Sujata Sharma, Joint Secretary in the Ministry of Petroleum and Natural Gas, said on Monday that due to the increase in the prices of petrol and diesel in four phases by about Rs 7.5 per liter, the loss of public sector oil companies has reduced to about Rs 600 crore per day. The Joint Secretary said that before the price revision that started from May 15, oil companies were incurring a loss of about Rs 1,000 crore per day on the sale of petrol, diesel and domestic cooking gas LPG. Sharma said that the loss has now reduced to a little less than Rs 600 crore per day.
He said that this also includes the loss incurred on the sale of domestic LPG. Domestic LPG is sold at a subsidized rate and the difference between the cost and the retail selling price is borne by the government. Petrol and diesel are considered products with market based pricing. Despite more than 50 percent increase in crude oil prices due to the Iran war, government oil companies did not change the retail prices for a long time, due to which losses on these products increased.
Increase in shares of oil companies
Due to this, shares of the country’s government oil companies closed with gains on Monday. The reason for this was the huge fall in the prices of crude oil and the recent increase in the prices of petrol and diesel. Brent crude, considered the main gauge of global oil prices, fell by more than 5 percent. This happened when America and Iran agreed in principle to reopen the Strait of Hormuz. Shares of Bharat Petroleum Corporation Limited (BPCL) rose 4.30 percent to close at Rs 308.25 on BSE. During the day’s trading, the stock rose 4.55 percent to an intraday high of Rs 309.
Shares of Hindustan Petroleum Corporation Limited (HPCL) closed at Rs 403.40 with a gain of 3.52 percent on BSE. During the day’s trading, it jumped 5.86 percent to reach the day’s high of Rs 412.55. Shares of Indian Oil Corporation (IOC) gained 3.15 percent and reached Rs 143.90. In intraday trading, the company’s shares rose 4.15 percent to Rs 145.30.

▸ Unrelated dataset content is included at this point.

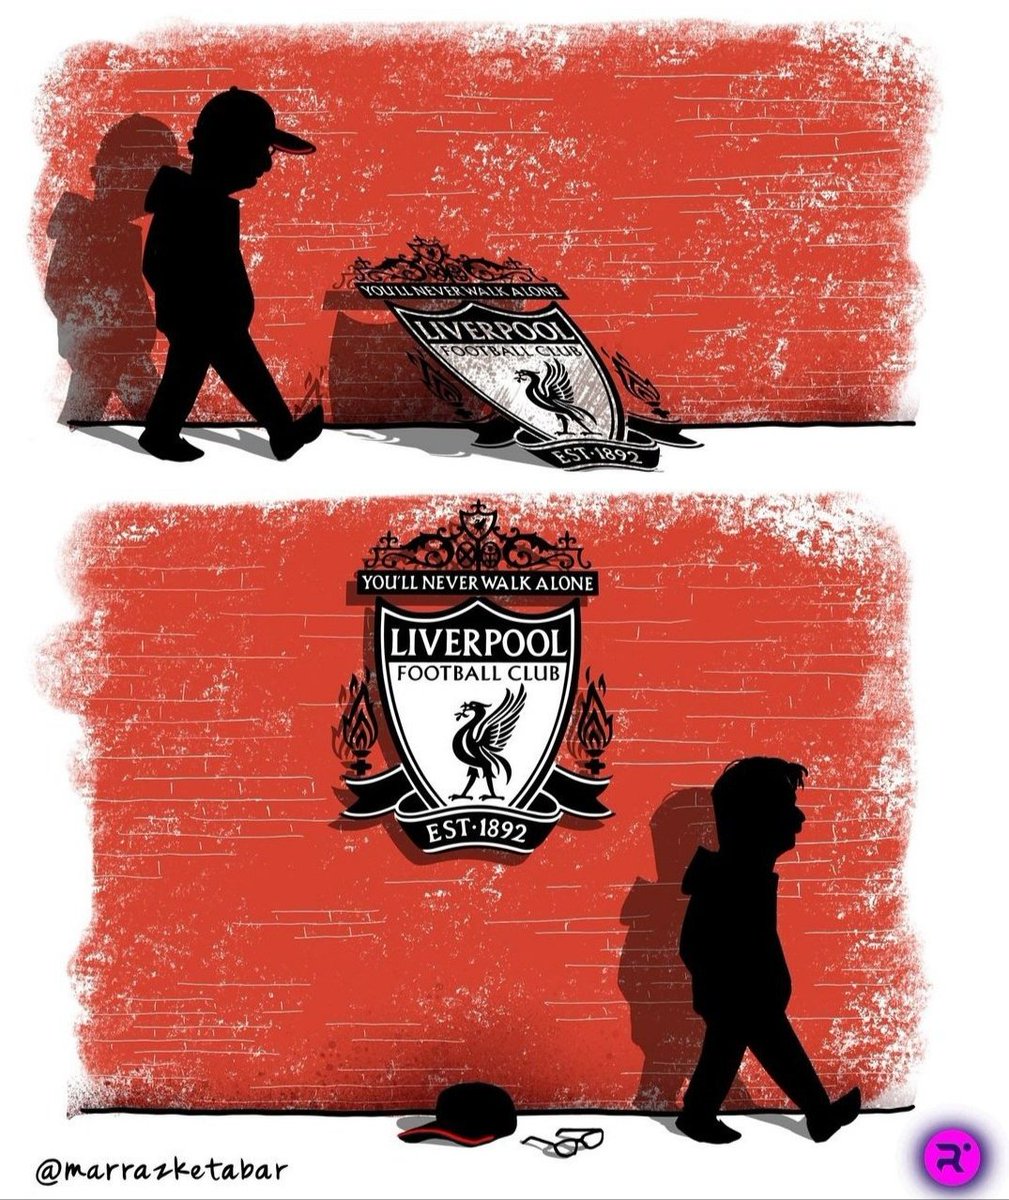 Essa imagem resume perfeitamente o trabalho de Jürgen Klopp no Liverpool ❤️

Hariprasad K, Research Analyst and Founder, Livelong Wealth, said that at the sectoral level, oil marketing companies (OMCs) remained strongly bullish despite the recent increase in petrol and diesel prices. Shares like IOC, BPCL and HPCL surged as a combination of higher retail fuel prices and softening global crude oil prices led to significantly improved near-term refining and marketing margin expectations.
Increase in prices of petrol and diesel
On Monday, petrol prices were increased by Rs 2.61 per liter and diesel prices were increased by Rs 2.71 per liter. This was the fourth increase in less than two weeks, through which the burden of the huge increase in global crude oil prices due to the Iran conflict, which was being avoided till now, was now passed on to consumers. With this latest increase, the total increase since May 15 has reached approximately Rs 7.5 per liter.
The rise came at a time when global oil prices fell amid expectations of a possible deal between the US and Israel to end the war with Iran. Since late February, global crude oil prices have increased by more than 50 percent due to US and Israeli attacks on Iran and disruptions to shipping through the Strait of Hormuz, a vital global oil route.
Government retailers delayed passing on the increased costs to customers for weeks. The government said that the purpose of this step was to protect customers from inflation. However, opposition parties accused the government of withholding the price increase till after the elections in important states. Indian Oil Corporation, Bharat Petroleum Corporation Limited and Hindustan Petroleum Corporation Limited together control 90 percent of India’s fuel market.